[Opening INFORMATION GIVEN section]

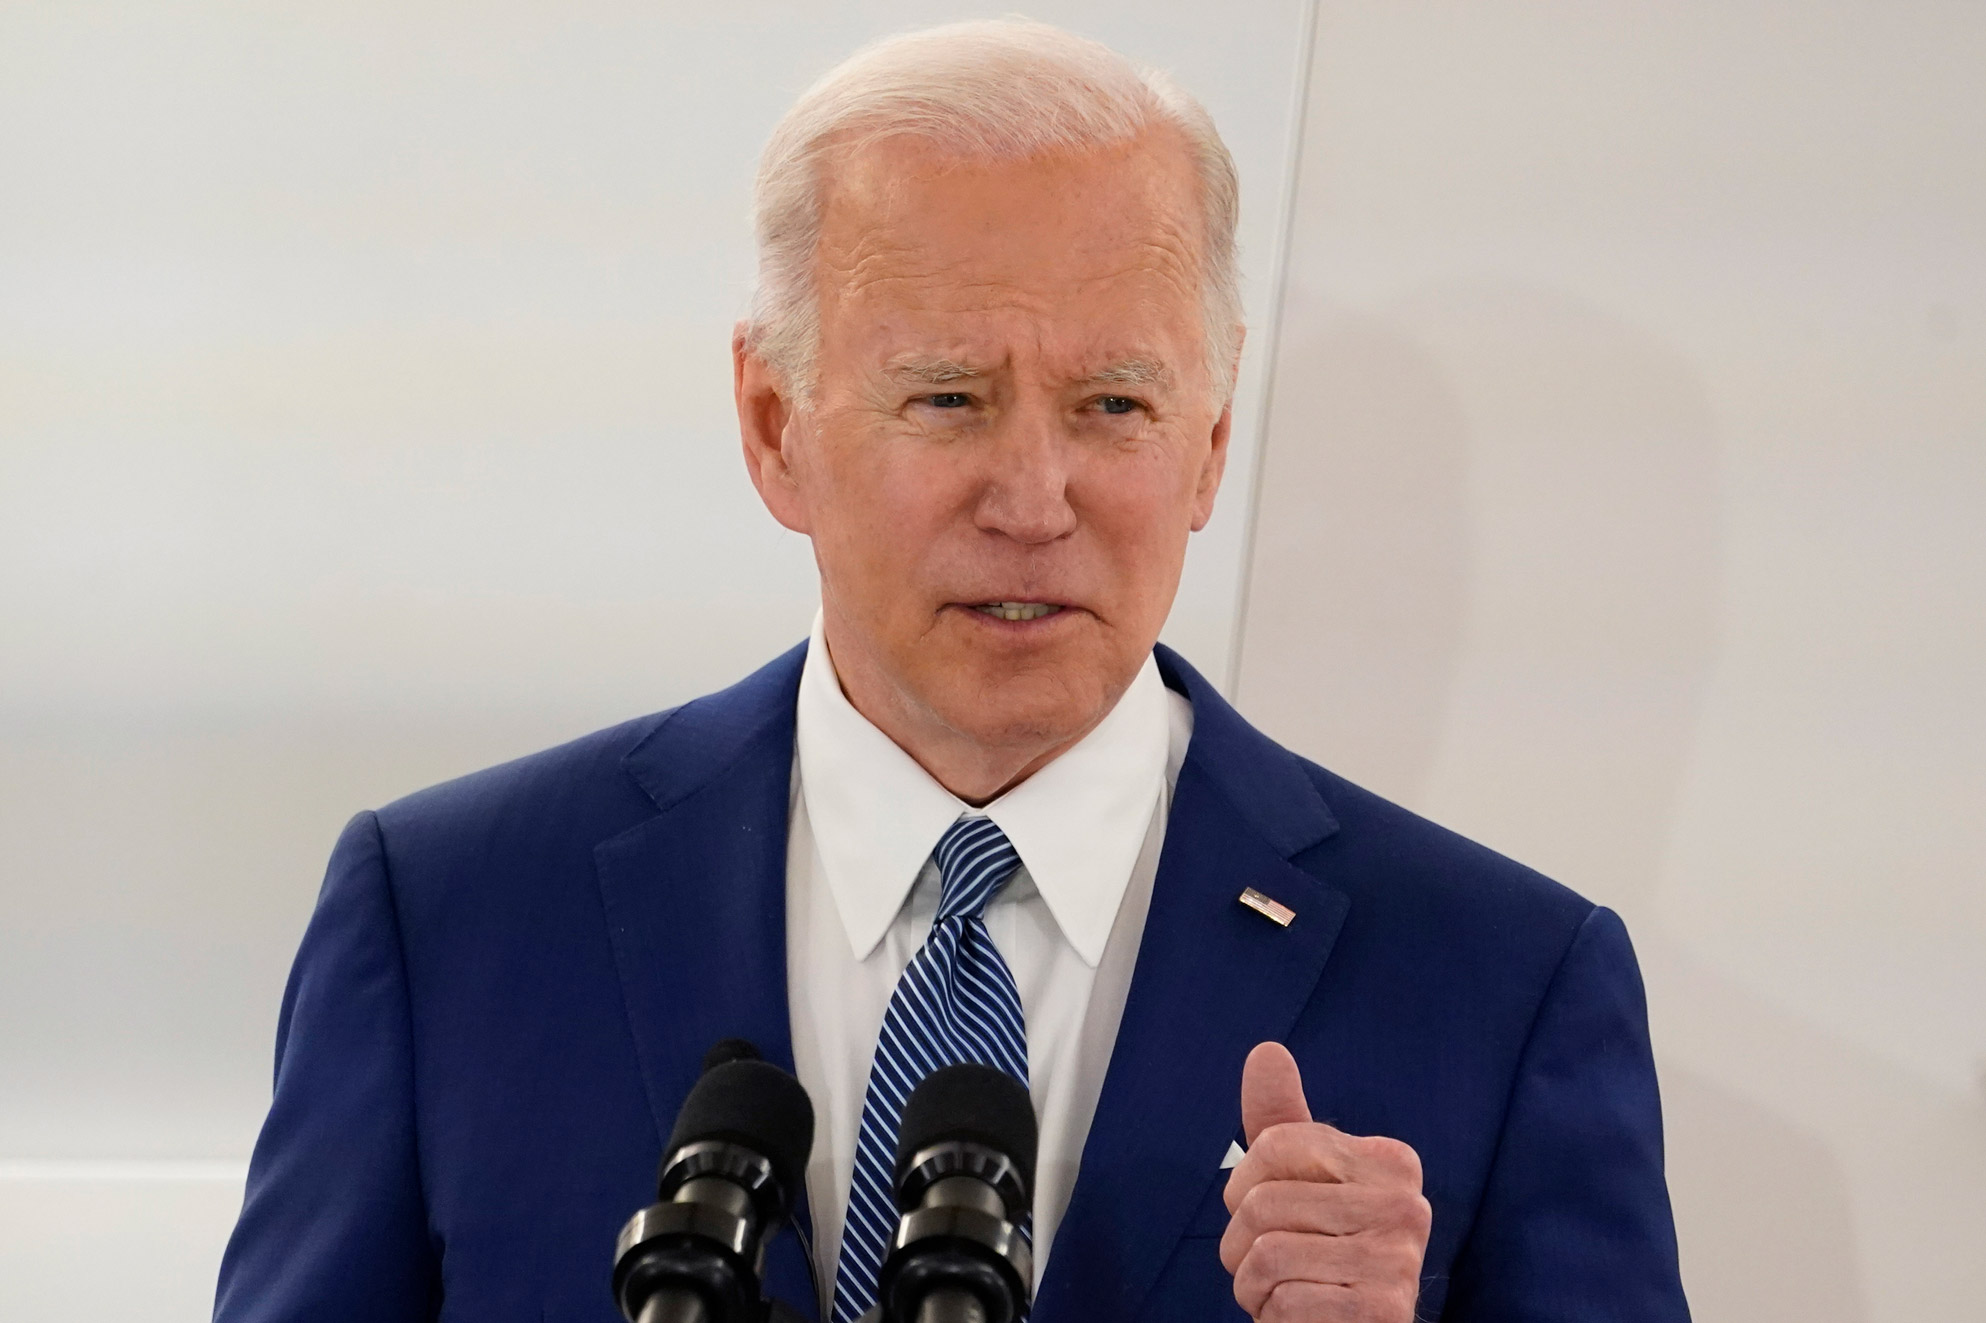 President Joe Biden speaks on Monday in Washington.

[Closing INFORMATION GIVEN section]
[Opening INFORMATION GIVEN section]

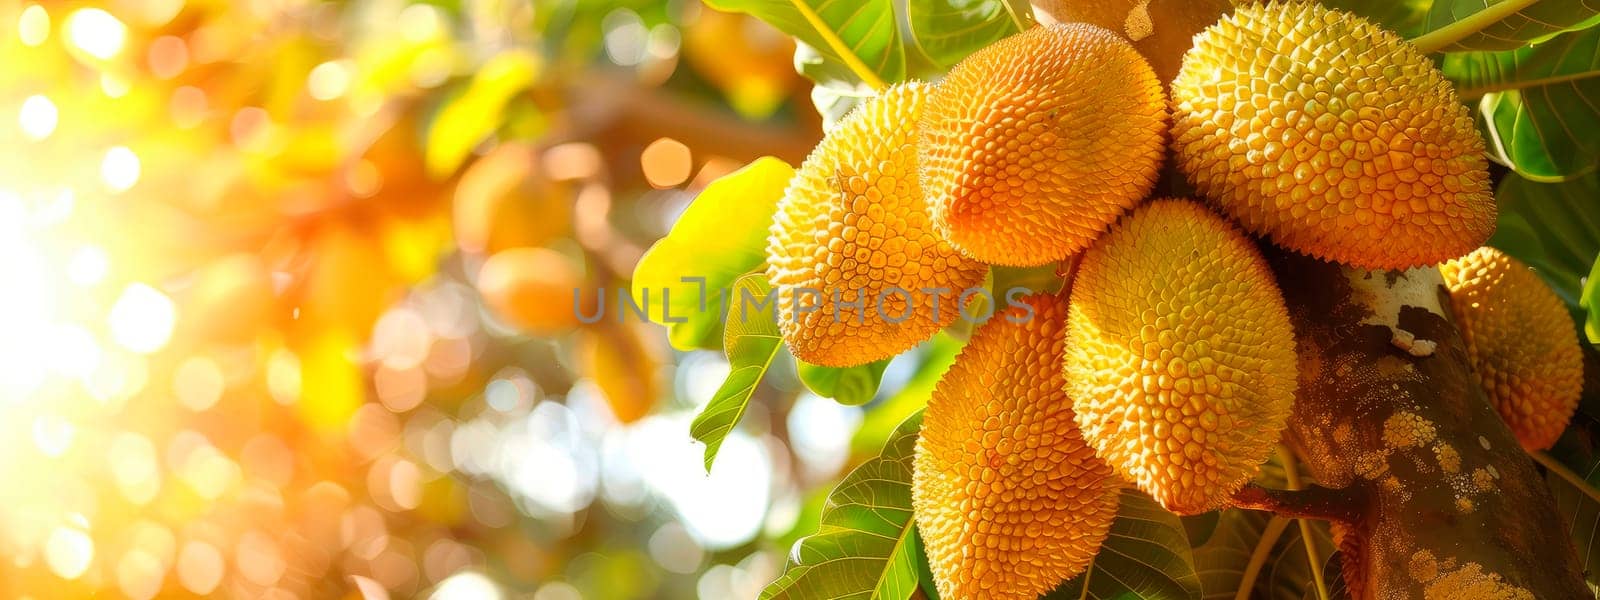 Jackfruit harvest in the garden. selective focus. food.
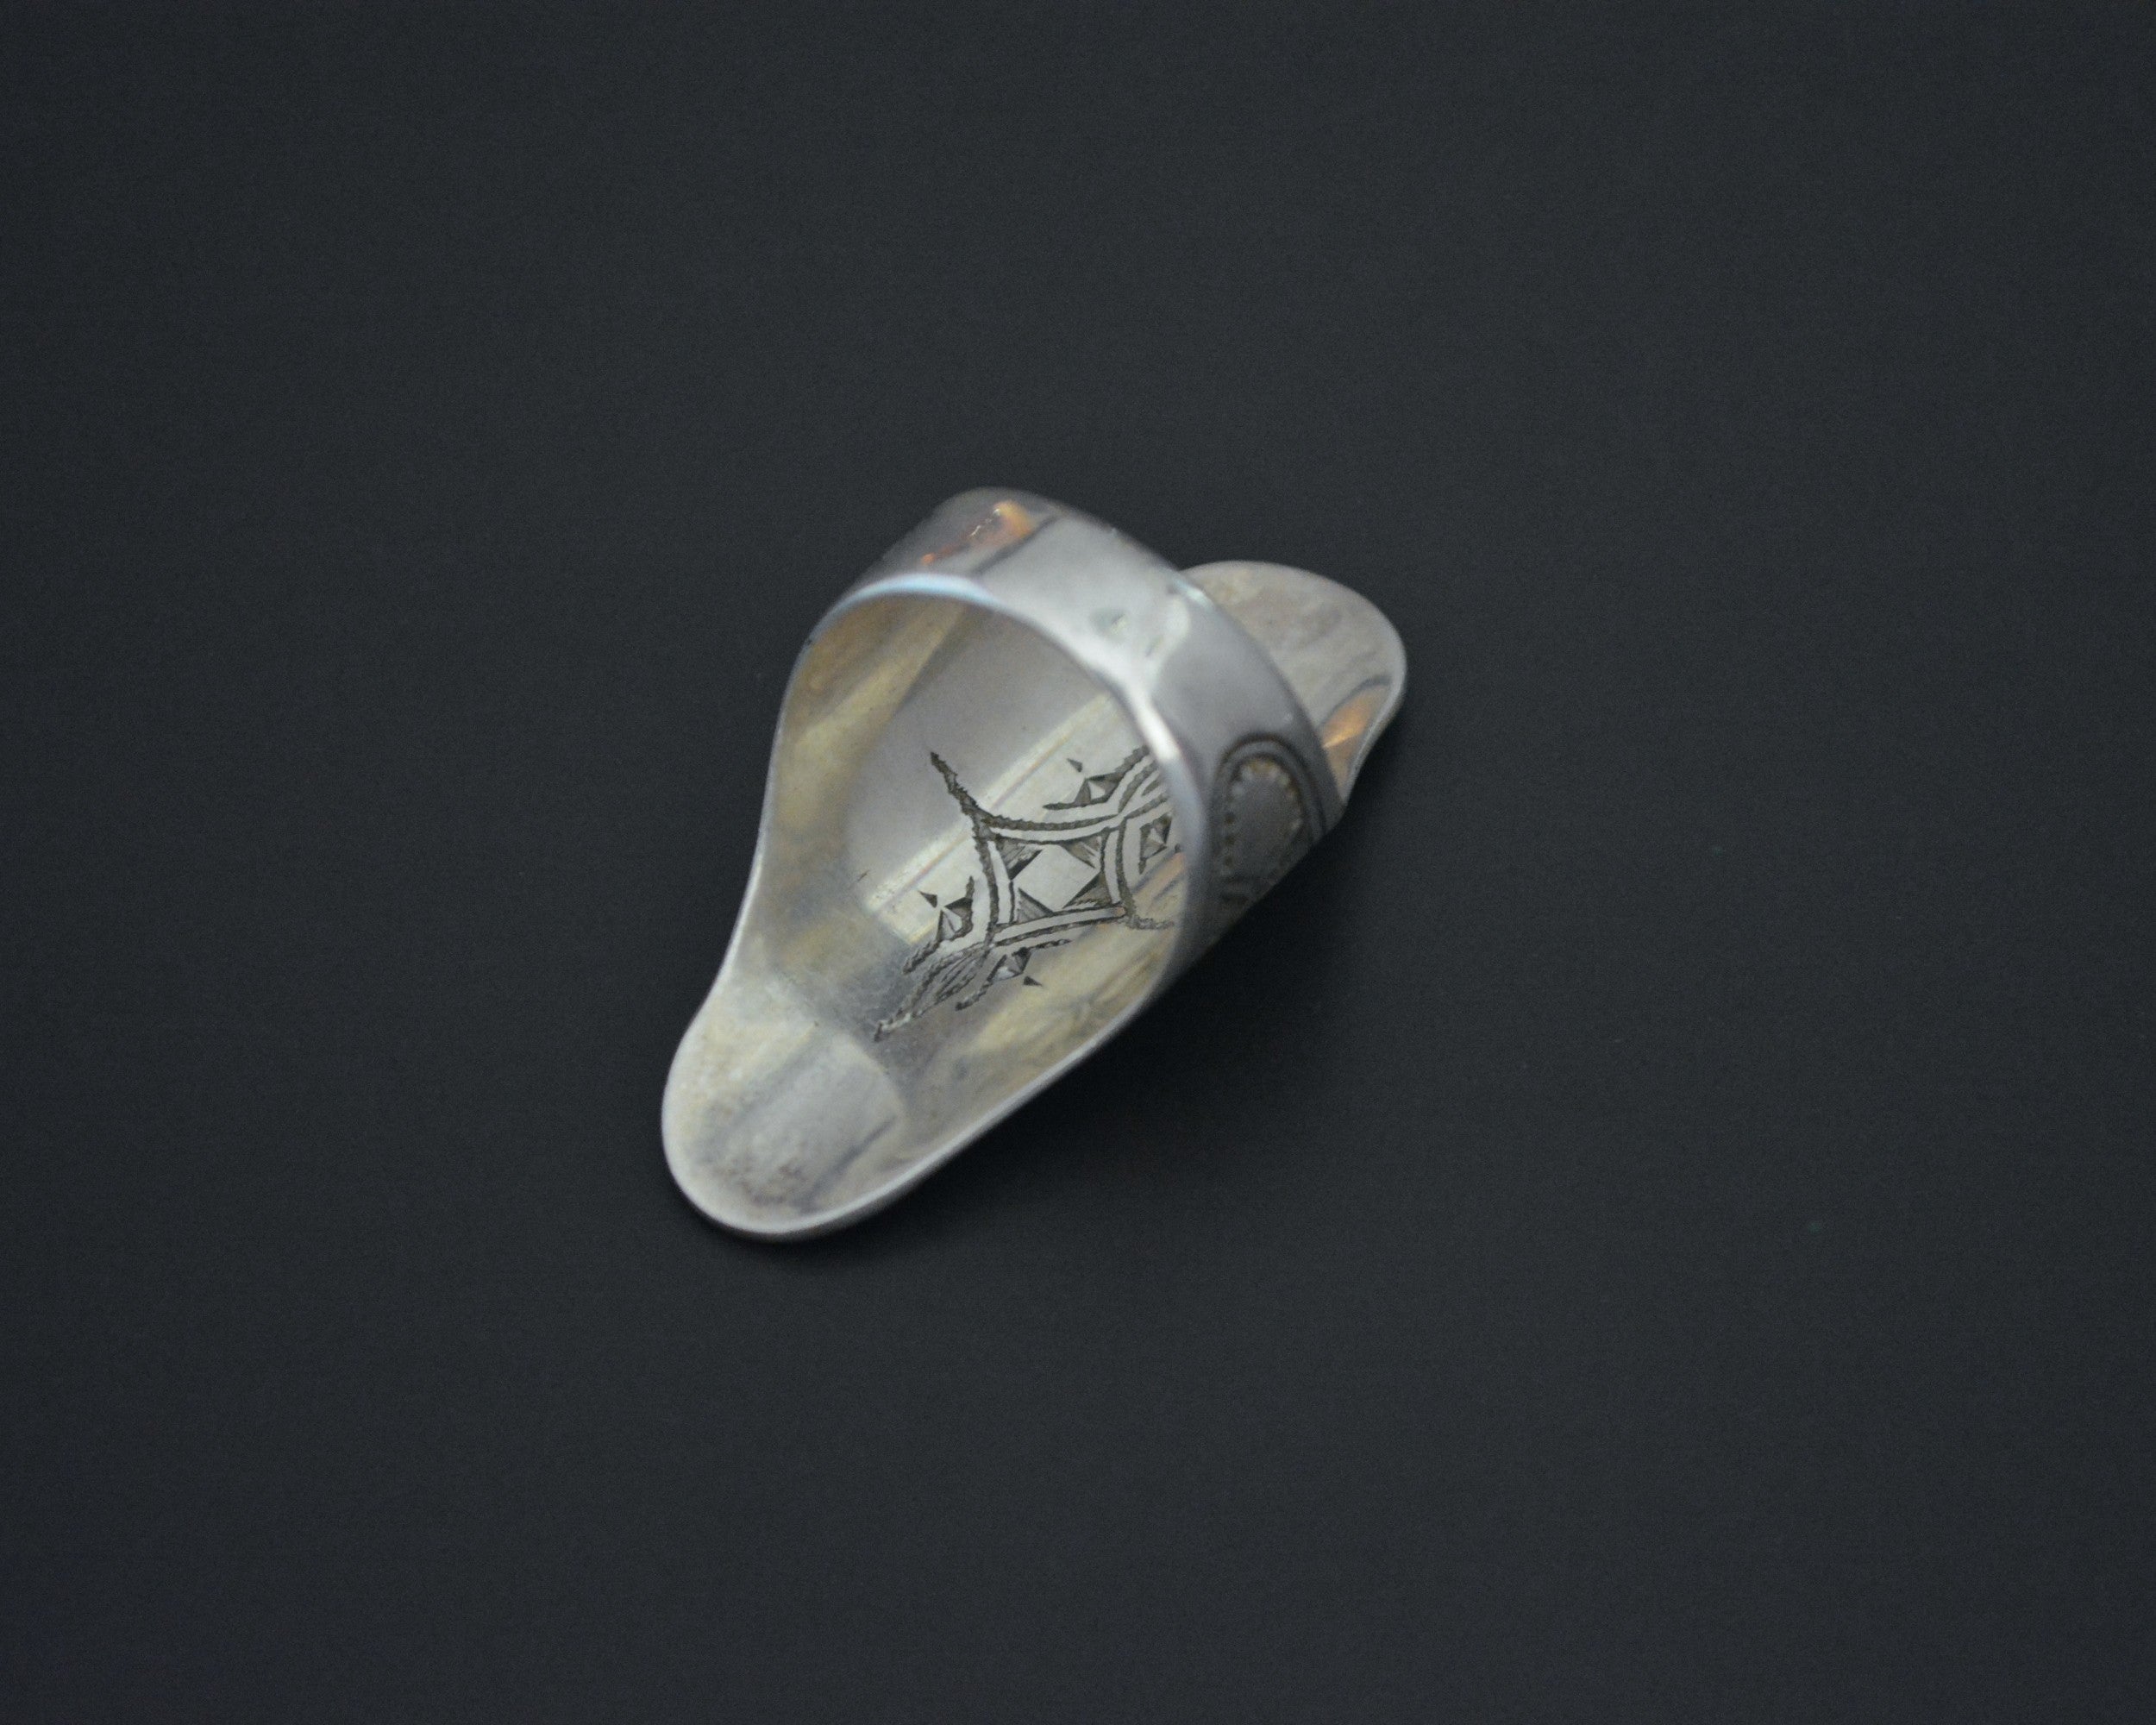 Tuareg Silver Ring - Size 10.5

[Closing INFORMATION GIVEN section]

» **WHAT IS BEING ASKED**:
Starting with the line that has "Jackfruit harvest in" and going on through the line that has "Tuareg Silver Ring - Size 10.5", transcribe the records above exactly, but skip the pictures.

» **ANSWER AREA**:
 Jackfruit harvest in the garden. selective focus. food.
 Tuareg Silver Ring - Size 10.5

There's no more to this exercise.